Голос мистера Харриса звучал тихо, как шепот, он покивал и меланхолично сел на предложенный стул. Когда дело касалось этого человека, волей-неволей приходилось держать ухо востро. Во-первых, он был не только управляющим этой таверны, но и одним из подпольных властителей Пьяццы, а следовательно, и всего Лондона, что говорило само за себя. Во-вторых, мистер Харрис утверждал, что является выпускником Вестминстер-скул, и никто, разумеется, не подвергал сомнению его слова. А тем паче Джек со своими товарищами, ибо в «Грезах Шекспира» даже в случаях наплыва клиентов для них всегда находился незанятый номерок.
— Эль, мистер Харрис?
Кисть тонкой белой руки сделала отрицательный жест.

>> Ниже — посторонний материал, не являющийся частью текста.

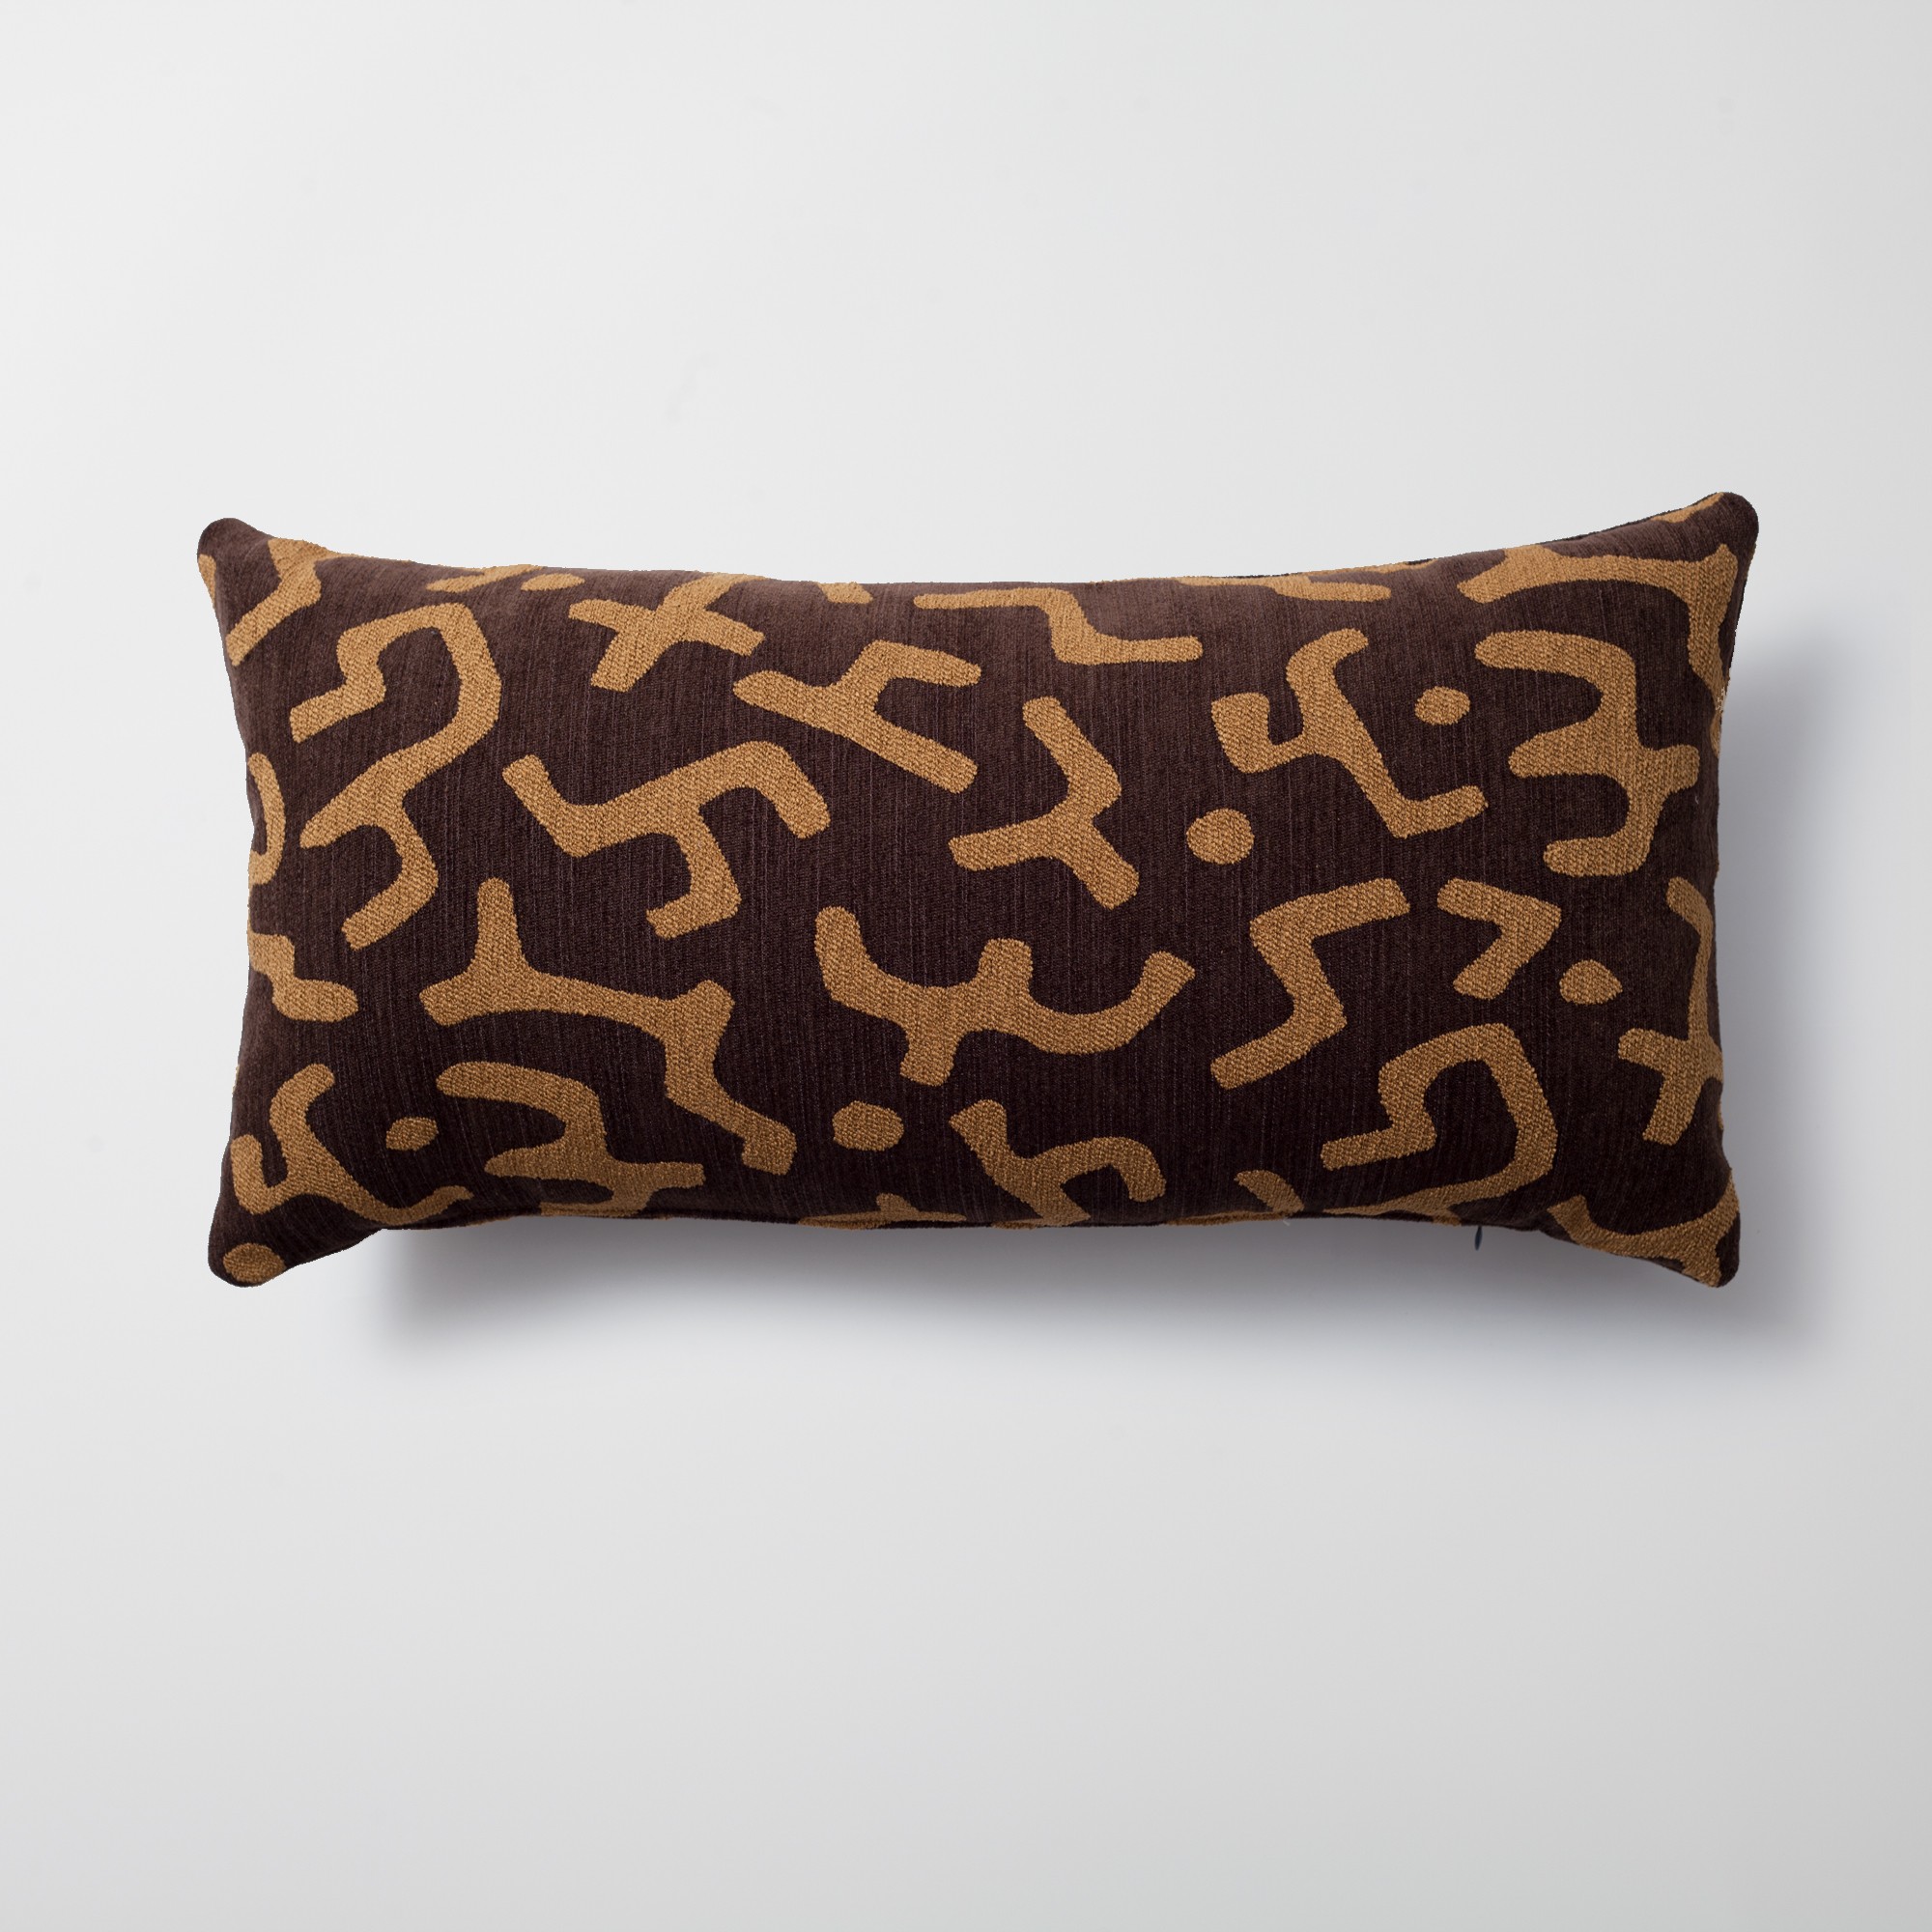 "Nandos" - Maze Patterned 14x28 Inch Pillow - Brown (Cover Only)

— Нет, только не эль. Когда тебя мучают камни, приходится быть осмотрительным. Но я недавно получил партию великолепного арманьяка, и, если вы, джентльмены…
У Ида загорелись глаза. Он питал особую слабость к напитку, доставляемому контрабандным путем из страны, с которой Англия воевала уже три года, а потому Джеку пришлось его несколько охладить.
— Мы не можем пить ничего крепкого, сэр. Нынешней ночью нам нужны трезвые головы.
— Ах да, посвящение.
Мистер Харрис вздохнул. Он любил кстати и некстати упоминать о своем слабом здоровье, перебирая разного рода болезни, но о том, что ему досаждало на деле, явственно говорили усыпавшие его лоб и щеки прыщи. Этот человек был хроническим сифилитиком, что, учитывая его славу главного сводника Лондона, не казалось слишком уж странным, однако наводило на мысли, и Джек взял за правило не очень-то ему доверять. Особенно в рекомендациях интимного свойства. Ему не хотелось, чтобы кого-либо из могавков постигла та же судьба.